Now, it's worth noting that his analysis wasn't universally accepted. Phil Plait, who spent years calibrating the Hubble Space Telescope's optics, wrote that Soneira's numbers hold true only for people with perfect vision. If you have average eyesight, Jobs's claims are fine. (He also offers a very clear walk-through of the math.)

The marketing departments, however, have less wiggle room when it comes to the new age of 4K televisions. Most people already can't see the pixels on an HDTV set at normal seating distance. So what, exactly, is added by quadrupling the resolution?

Either you can make a much bigger TV, or sit much closer.

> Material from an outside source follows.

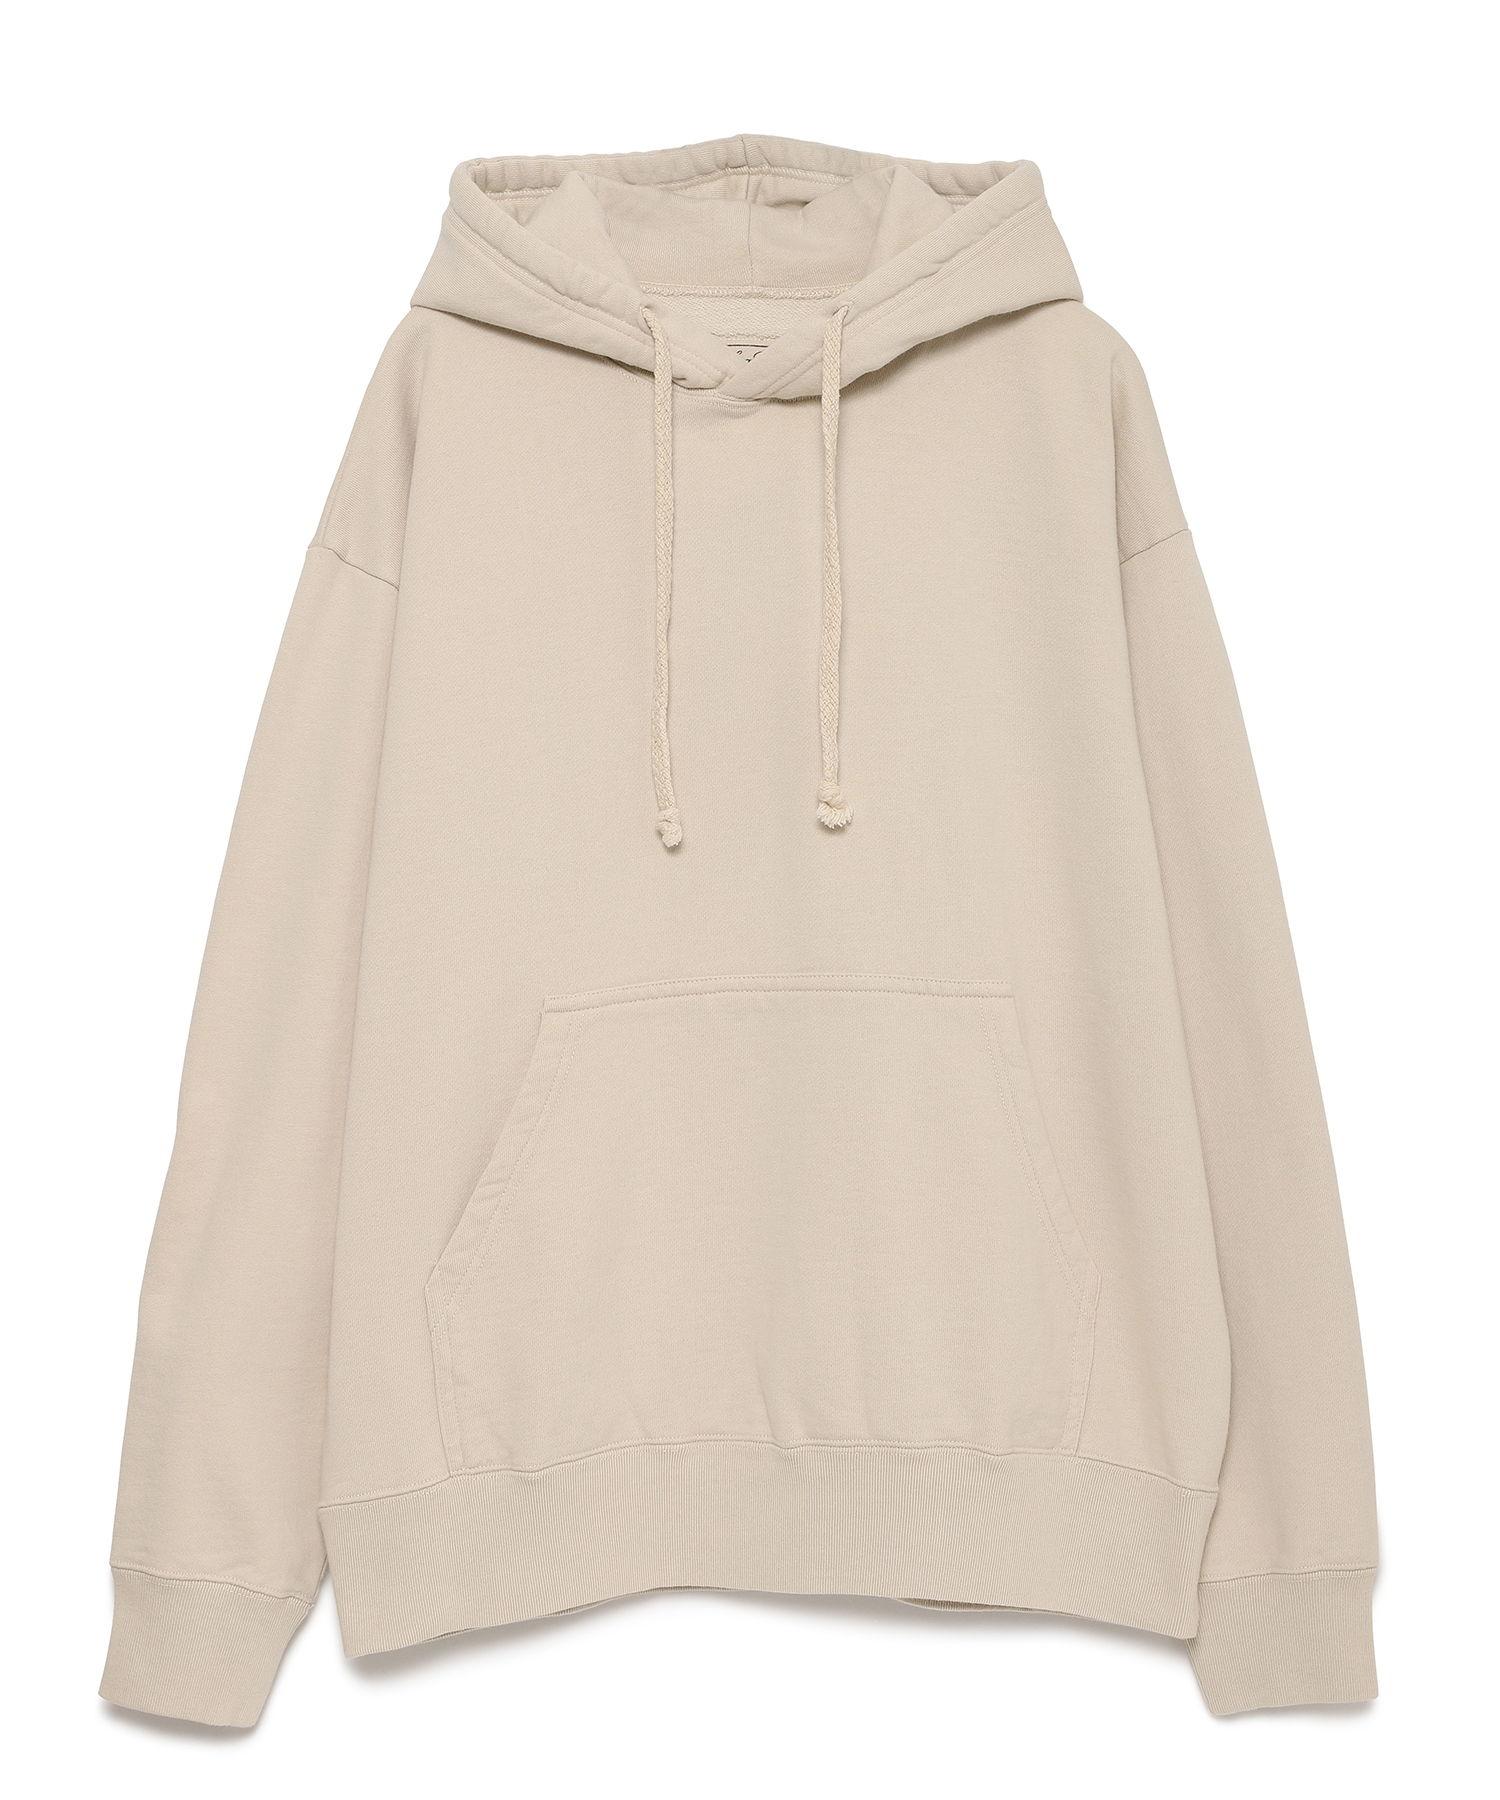 Seagreen COTTON FLEECY hoodie

You can find various mathematical solutions to this problem, but here's one that's typical and also clearly written. Its conclusion: You'd need an 84-inch screen and you'd need to sit 5.5 feet from it to detect any difference in resolution.

Sitting that close, of course, would be absurd. If you had an 84-inch TV, you'd never, ever sit 5.5 feet from it. You'd miss half the movie! You couldn't possibly take in the entire image at that distance. You'd reflexively move back to a more comfortable viewing distance.

Look, most analyses (and just trying it out yourself) point out that you can't even see the difference between 720p and 1080p high definition at normal viewing distances. All analysis establish that 4K, therefore, is a ludicrous concept. It's quadrupling resolution that's already too high for anybody to discern.

In other words, common sense tells you that the resolution wars are indeed marketing puffery—and now you can do the math.